1. What are the key measures Ofcom is proposing to protect children online?

  • Require online services to implement robust age-checks to prevent children from accessing harmful content like suicide, self-harm, and pornography
  • Mandate that recommendation algorithms filter out the most harmful content and reduce the visibility of other harmful content for child users
  • Expect online services to have effective content moderation systems to quickly remove content that is harmful to children

2. How do the proposed measures go beyond current industry practices?

  • The draft Codes of Practice set out much more stringent requirements than what is currently standard in the industry, demanding a "step-change" in how online services protect children.
  • For example, the requirement for highly effective age-assurance checks and the need to configure recommendation algorithms to protect children goes well beyond what most platforms currently do.

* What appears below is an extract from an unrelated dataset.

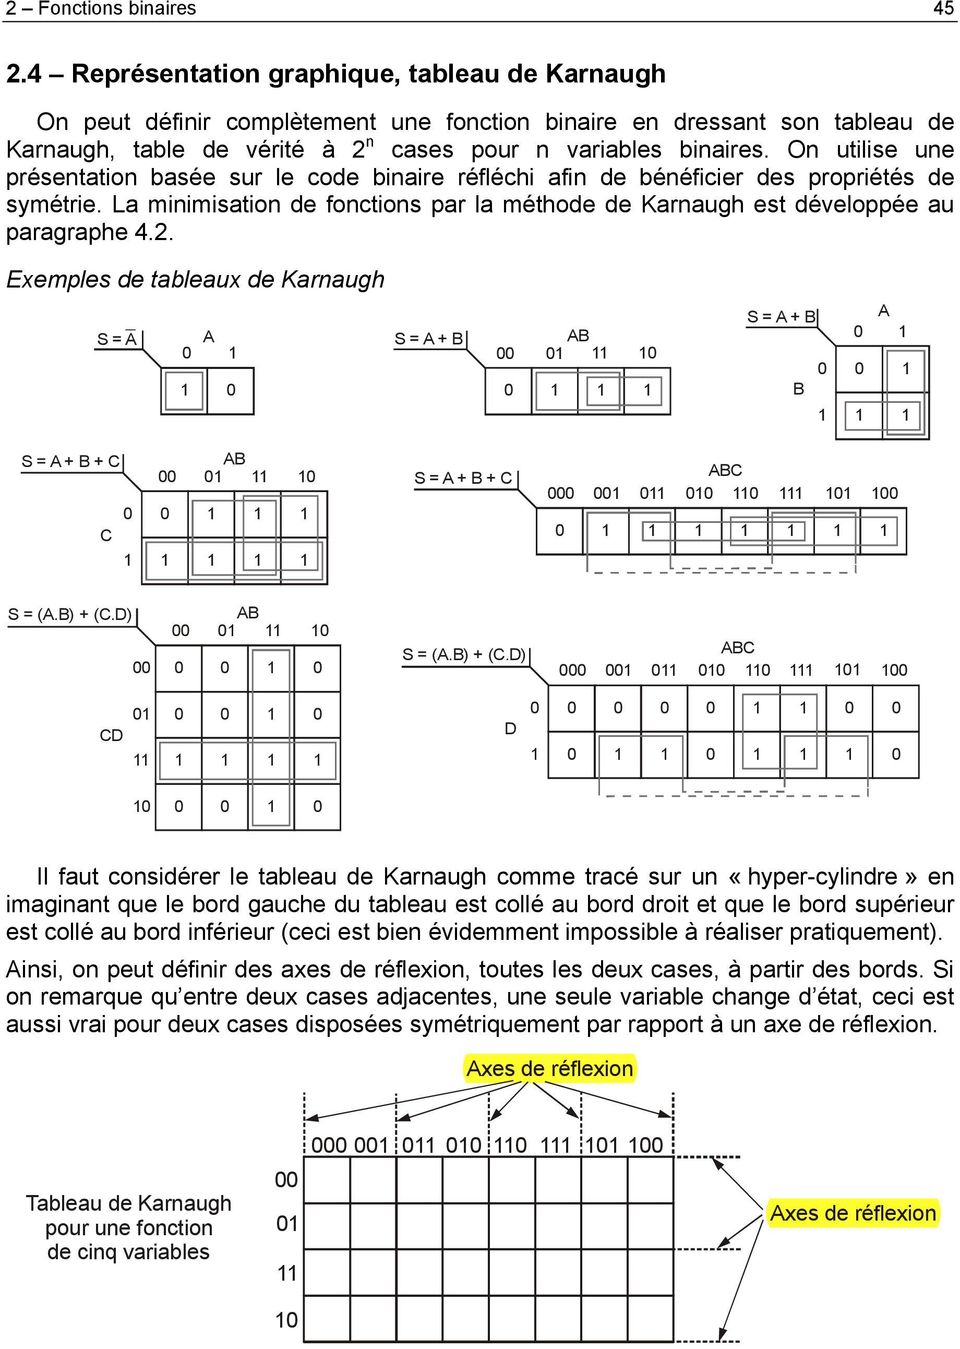 On utilise une présentation basée sur le code binaire réfléchi afin de bénéficier des propriétés de symétrie. La minimisation de fonctions par la méthode de Karnaugh est développée au paragraphe 4.2.

3. What enforcement powers will Ofcom have to hold platforms accountable?

  • Ofcom states they won't hesitate to use their full range of enforcement powers, including issuing sizeable fines, against platforms that fail to meet their legal duties under the new regulations.
  • The article notes that once the Codes are approved by Parliament, Ofcom can begin enforcing the regime against non-compliant companies.

[02] Consultation and Implementation

1. What is the timeline for finalizing and implementing the new regulations?

  • Ofcom is currently consulting on the draft Codes of Practice, with a deadline of July 17 for submissions.
  • Ofcom expects to publish the final Children's Safety Codes of Practice within a year, after considering the consultation feedback.
  • Once approved by Parliament, online services will have 3 months to conduct their required children's risk assessments and implement the safety measures.

2. How are children's voices being incorporated into the process?

  • Ofcom states that children's voices have been central to designing the Codes, with input from over 15,000 young people over the past 12 months.
  • As part of the consultation, Ofcom is also holding focused discussions with children across the UK to get their views on the proposed measures.